«У нас все, можно сказать, в порядке, хотя вопрос с Вильно все еще не решен.[11] Мы живем между литовцами и поляками. И те и другие терпеть не могут евреев…»
«Пожалуйста, наведи справки, кто такой господин Левассор, проживающий в доме 65 по улице Отвиль. Он заказал мне партию кож, но не прислал никаких документов, подтверждающих его платежеспособность…»
«Когда ты закончишь учиться, надо, чтобы ты вышла замуж и вы с мужем занялись торговлей. Твоя мать мне больше ни в чем не помощница…»
«Твоя мать все время сидит в кресле. Характер у нее становится просто невыносимым. Тебе следовало бы вернуться…»
«Сын Гольдштейна, приехавший две недели назад, говорит, что ты не поступила в Парижский университет. Я сказал, что это неправда…»
«Твоей матери пришлось делать пункцию, они…»
«Тебя видели в Париже в компании людей, которые тебе не подходят. Я хочу знать, что с тобой делается…»
«Мне опять сообщили о тебе неприятные вещи. Как только позволят дела, я приеду сам…»
«Если бы не твоя мать, которая не хочет оставаться одна, — врач сказал, что дни ее сочтены, — я немедленно поехал бы за тобой. Я приказываю тебе вернуться…»
«Я послал тебе 500 злотых на дорогу…»
«Если ты не вернешься через месяц, я прокляну тебя…»
Потом снова о ногах матери. Потом пересказ того, что говорил какой-то еврейский студент, вернувшийся в Вильно, о том образе жизни, который Анна ведет в Париже.
«Если ты не вернешься немедленно, между нами все кончено…»
Наконец, последнее письмо.
«Как тебе удается существовать, если уже год я не посылаю тебе денег? Твоя мать очень несчастна. Во всем, что произошло, она обвиняет меня…»
Комиссар ни разу не улыбнулся. Он положил документы в ящик стола, закрыл его на ключ, перечитал некоторые телеграммы и отправился в дом предварительного заключения.
Анна Горскина провела ночь в общей камере.
Однако комиссар все-таки распорядился перевести ее в отдельное помещение и, прежде чем войти в камеру, заглянул в глазок. Анна Горскина, сидевшая на табурете, даже не шелохнулась: она медленно повернула голову к двери, увидела комиссара, и лицо ее выразило презрение.

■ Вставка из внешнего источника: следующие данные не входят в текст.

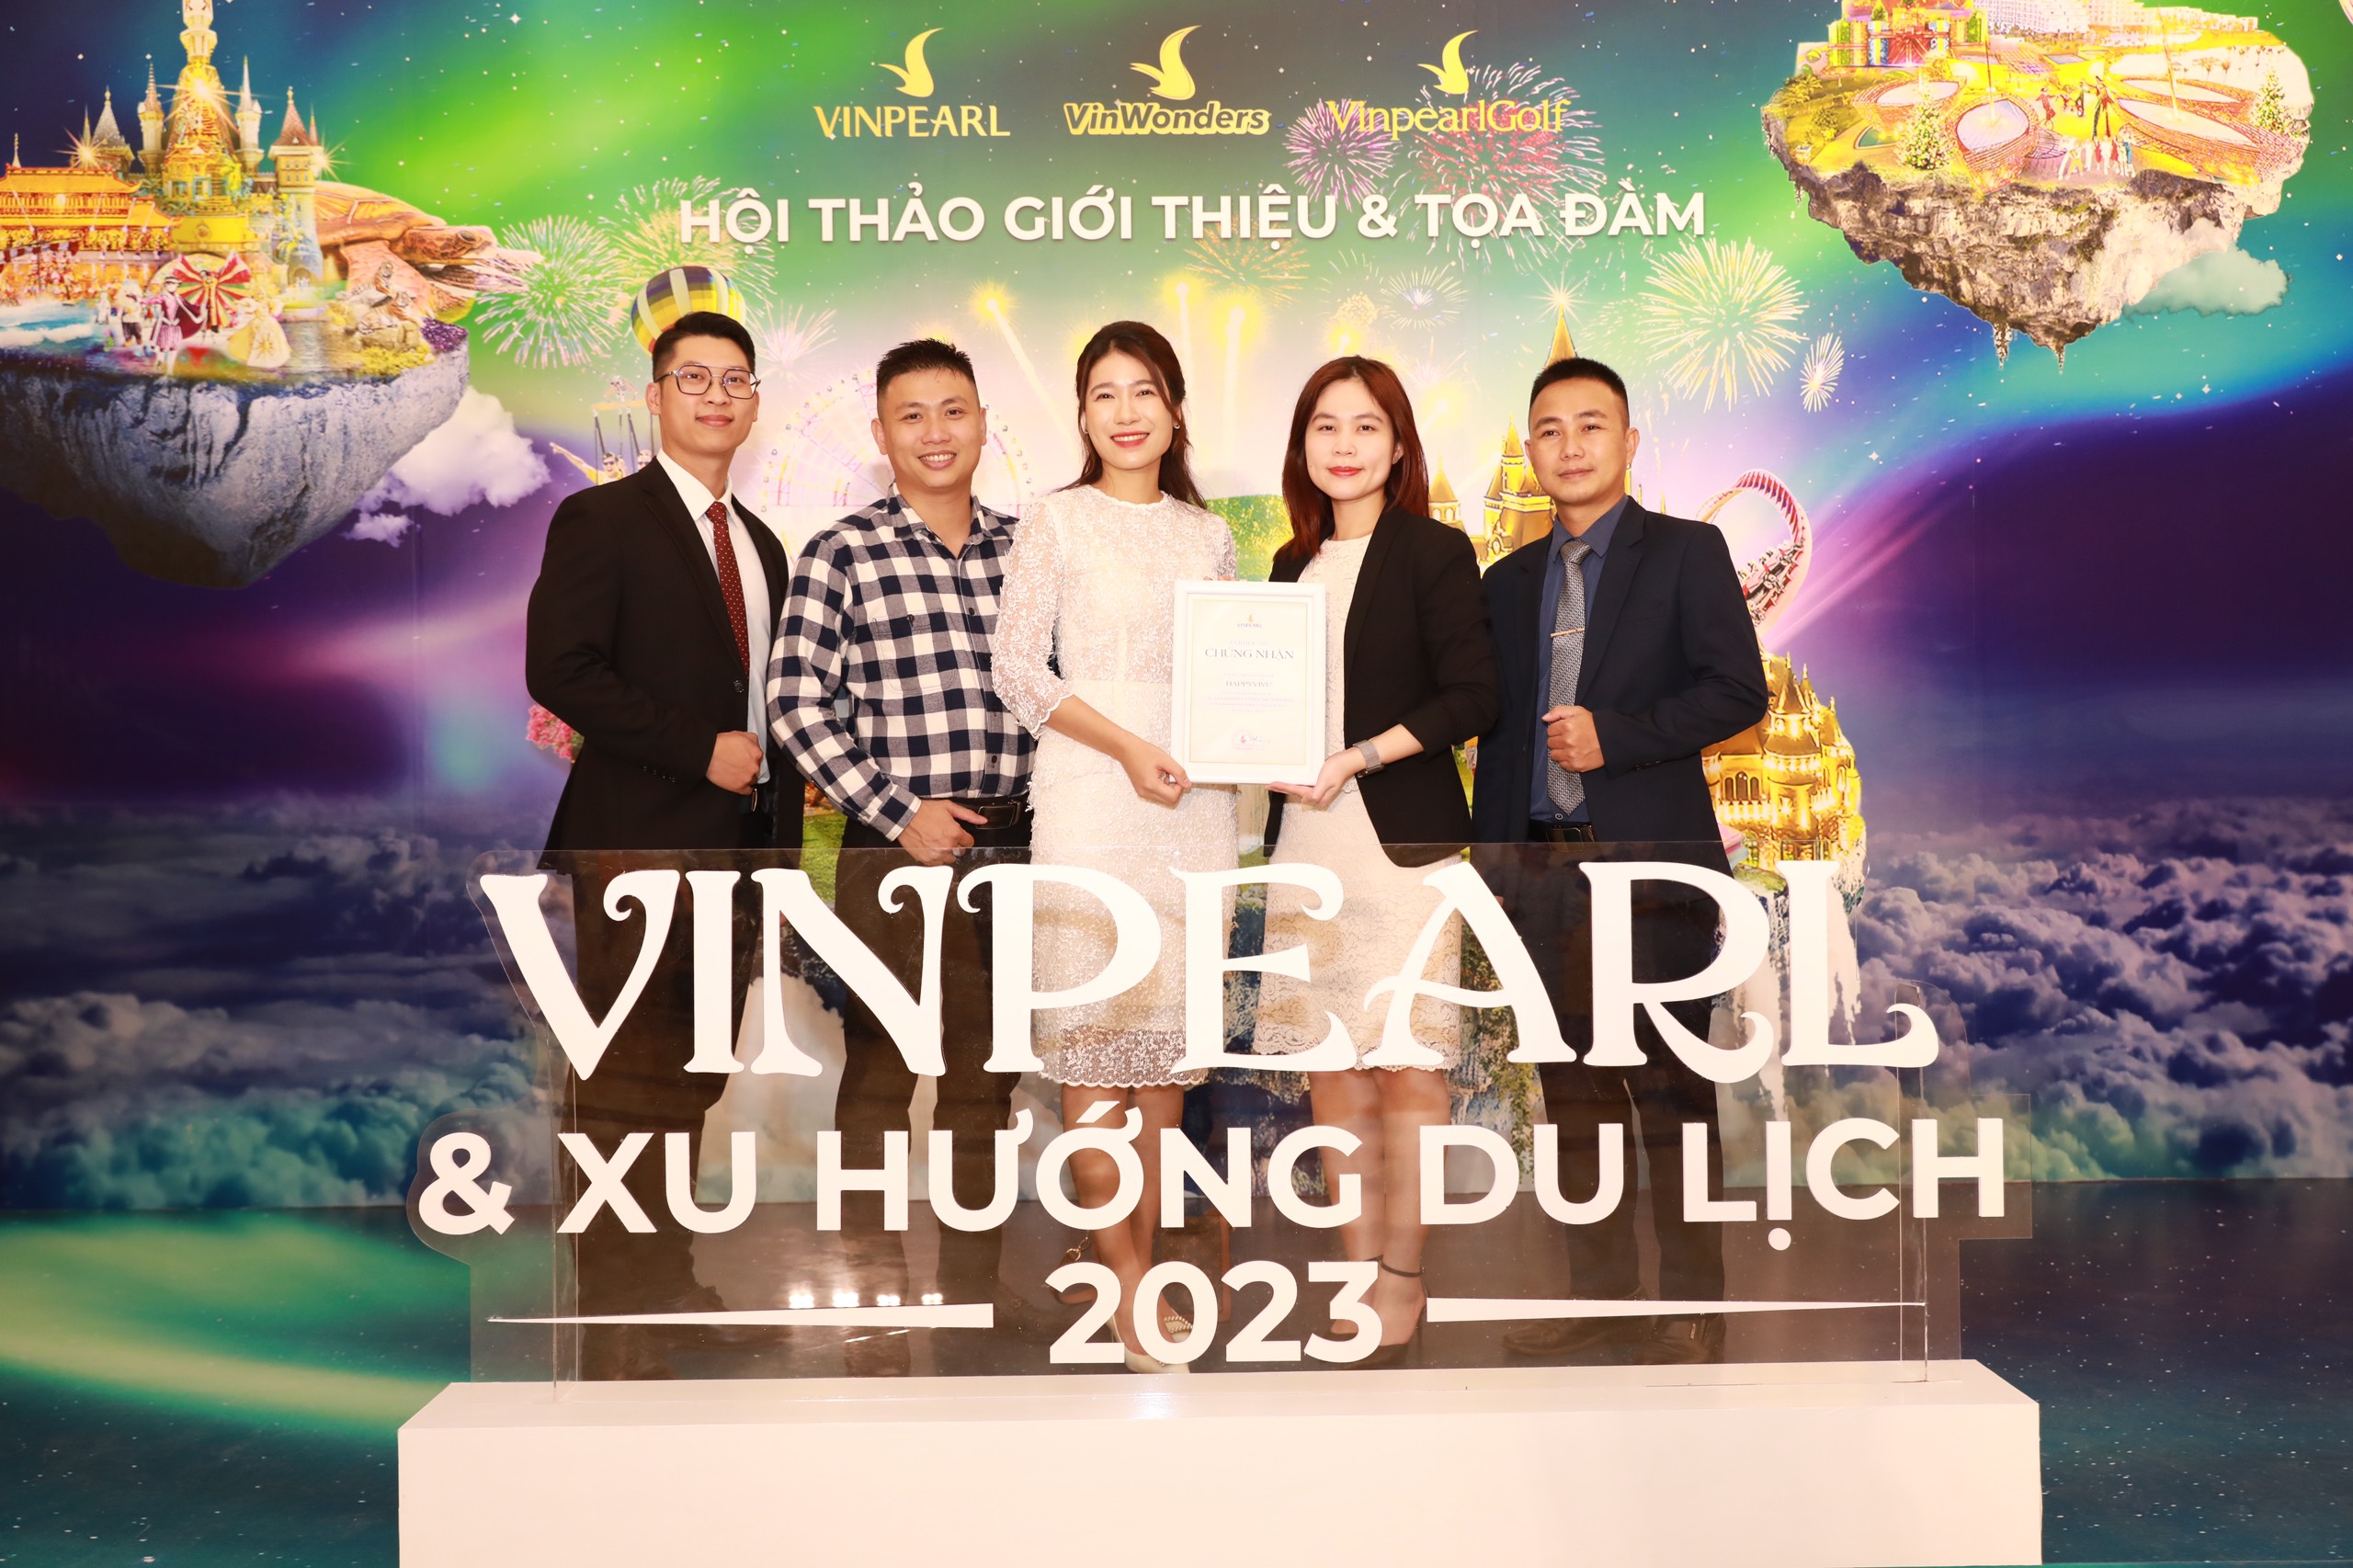 Happy Vivu ký kết trở thành đối tác chiến lược của Vinpearl 2023

Мегрэ вошел и с минуту молча разглядывал ее. Он знал, что с ней не стоит хитрить, обиняком ставить вопросы, которые вырывают иногда невольное признание.
Она была слишком хладнокровна, чтобы попасться на подобные уловки, и допрашивающий, ничего не добившись, только потеряет свой престиж. Поэтому он ограничился ворчливым:
— Признаешься?
— Нет!
— Продолжаешь отрицать, что убила Мортимера?
— Отрицаю!
— Отрицаешь, что купила серый костюм для своего сообщника?